This is a qualifying problem. I cannot understand how the inclusion exclusion principle work here in detail.
However, I have an argument which leads to a different answer. I am not sure my answer is correct. Perhaps, I made some stupid mistake.
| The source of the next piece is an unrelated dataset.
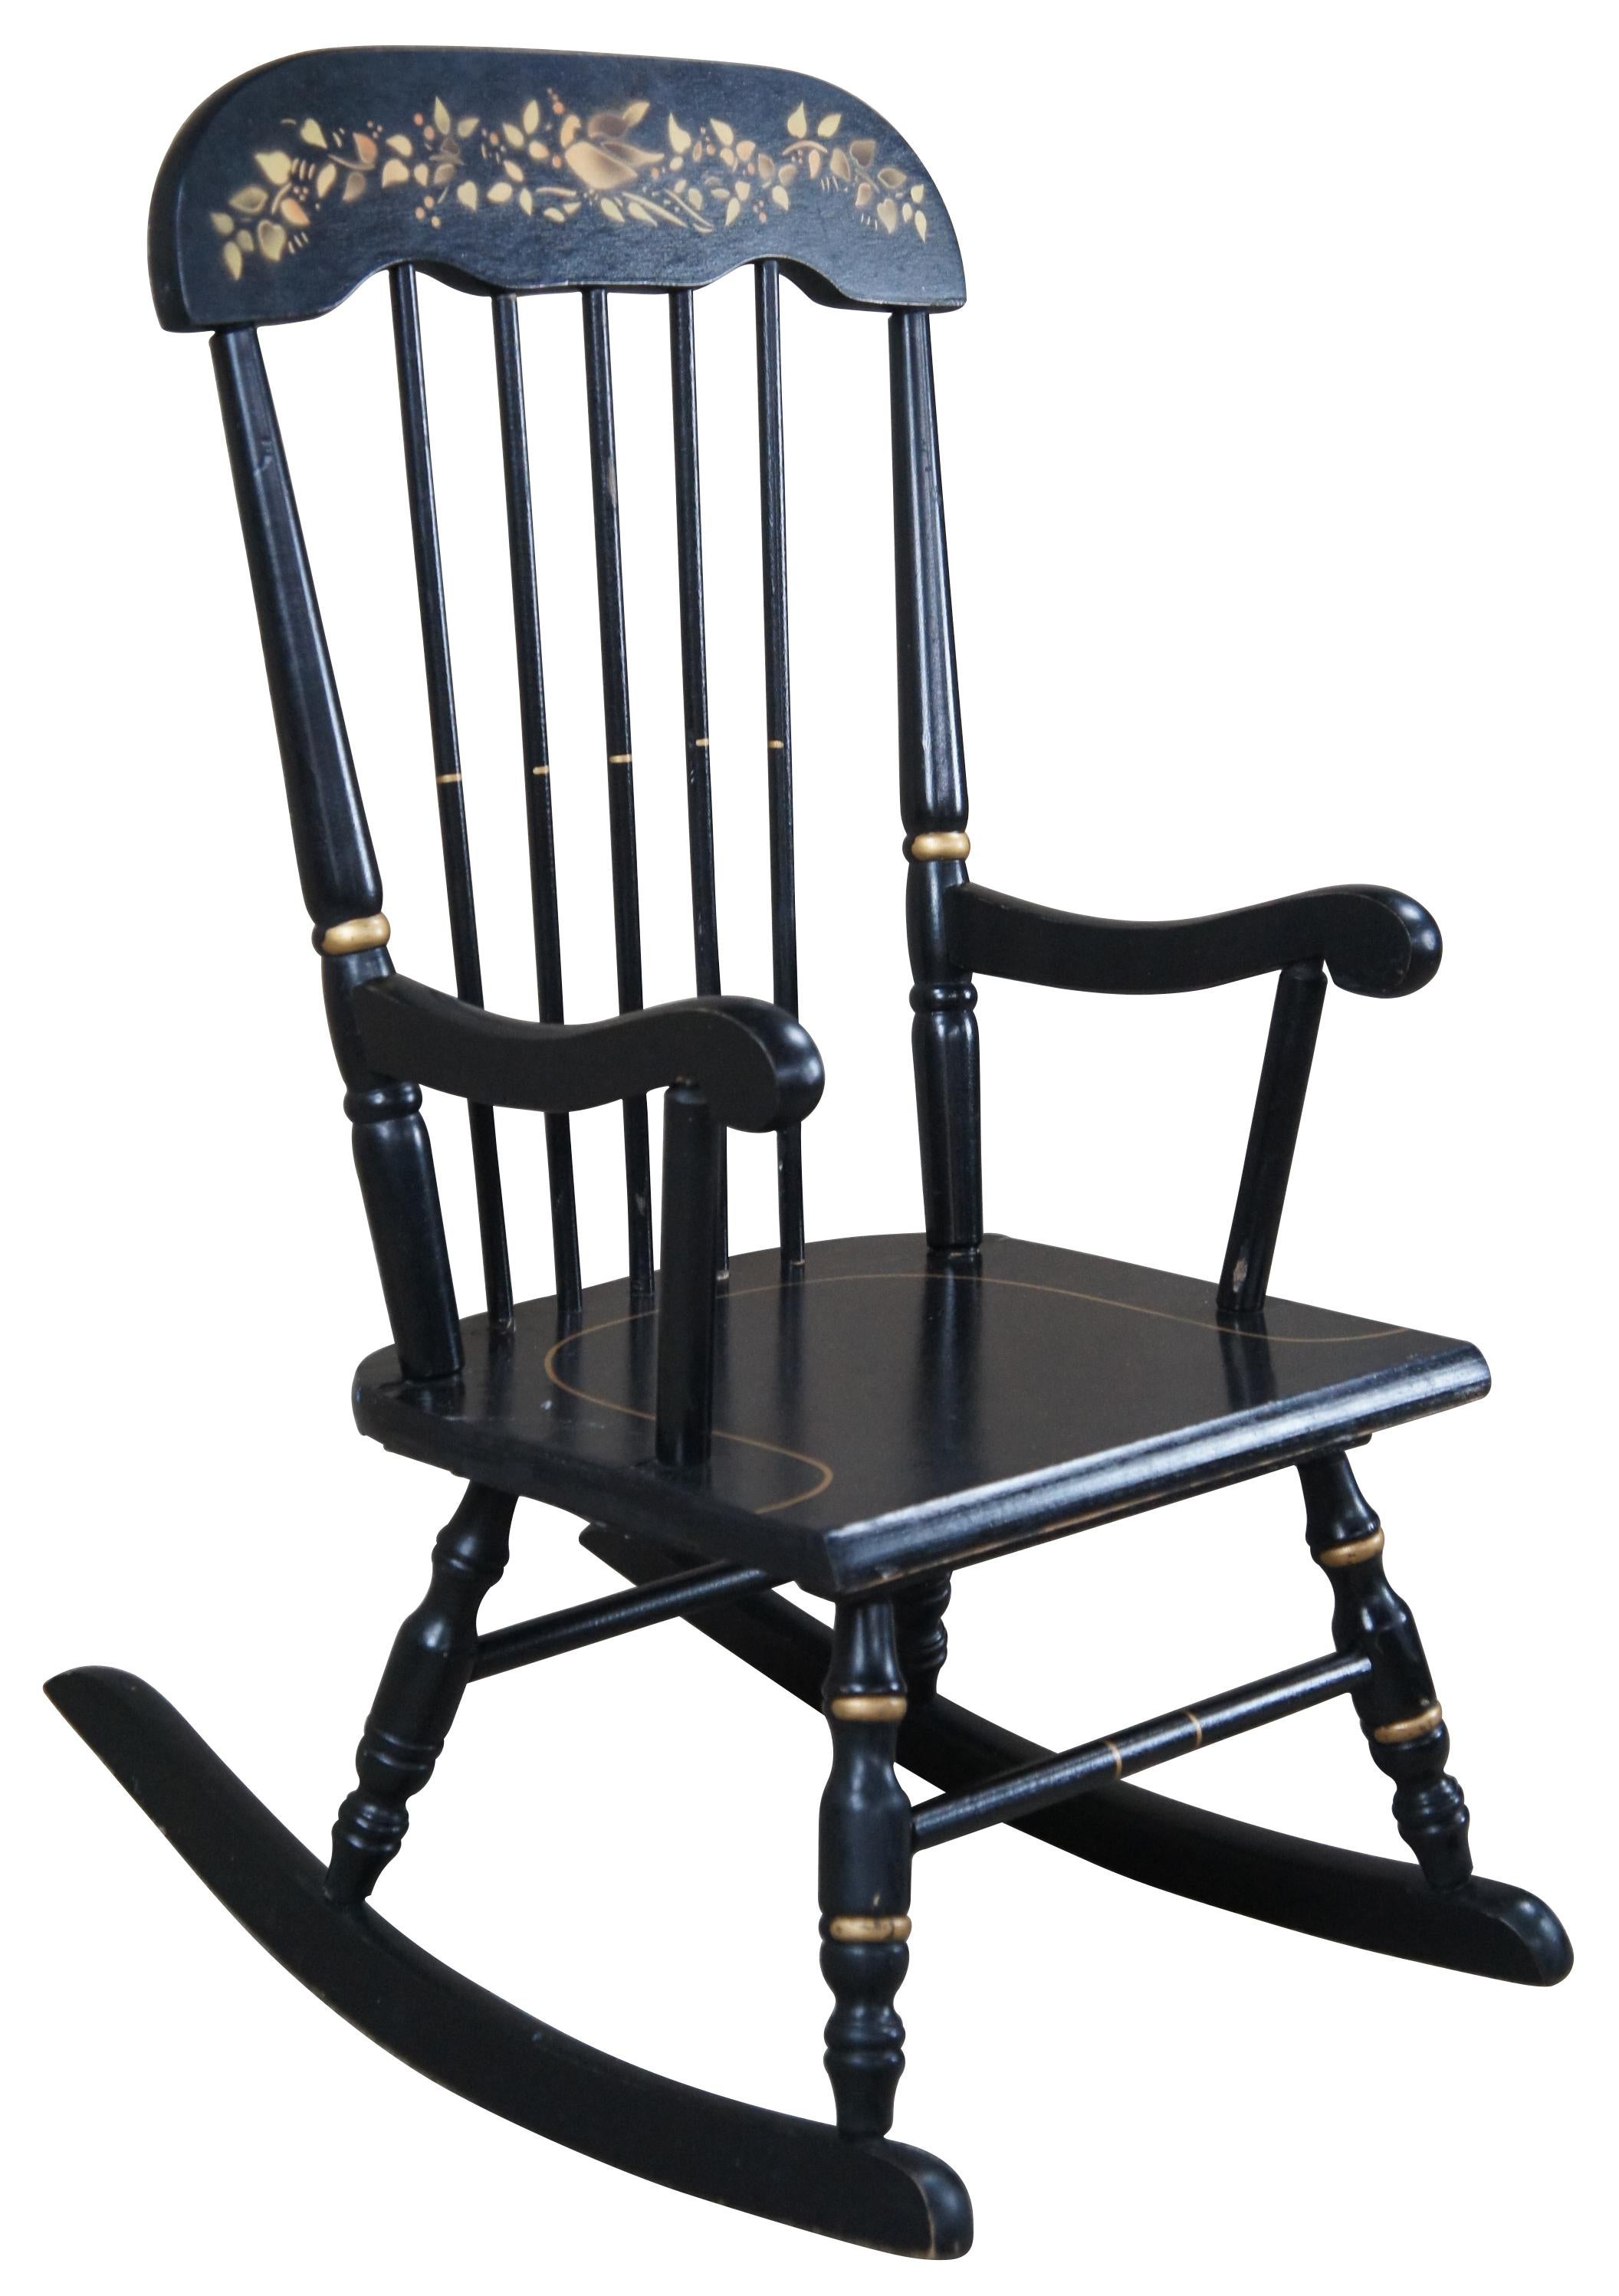 Vintage Hitchcock or Boston style spindle back children's rocking chair. Black with gold trim and stenciled back.

My answer is as follows:
*Statement:*It is known that for $p$ prime the polunomial $x^{p^n}-x$ is precisely the product of all the distinct irreducible polynomial in $\mathbb F_p[x]$ of degree $d$ where $d$ runs through all divisors of $n$. I am not sure whether this statement is also true for $q=p^n$.
Now, suppose it's indeed true, we would have:
$$x^{q^{12}}-x=\prod_{\deg f=d|12,f \ \text{irreducible}} f$$ $$x^{q^6}-x=\prod_{\deg f=d|6,f \ \text{irreducible}} f$$ So, we would have $$\prod_{\deg f=12,f \ \text{irreducible}}f=\frac{x^{q^{12}}-x}{x^{q^6}-x}$$ where the right side is a polynomial with degree $q^{12}-q^{6}$. So, my answer would be $\frac{q^{12}-q^{6}}{12}$.
Please help me to check both answer to the problem, and tell me whether the statement I used here is also true for $q=p^n$. Thank you very much!
You need to also divide out the irreducibles of degree dividing $4$. Since we divided out twice by the irreducibles of degree dividing $2$, we need to multiply by them once.
So the product of all degree $12$ irreducibles should be: $$\frac{(x^{q^{12}}-x)(x^{q^2} - x)}{(x^{q^{4}}-x)(x^{q^{6}}-x)}$$
The degree is $q^{12} - q^6 - q^4 + q^2$, as desired.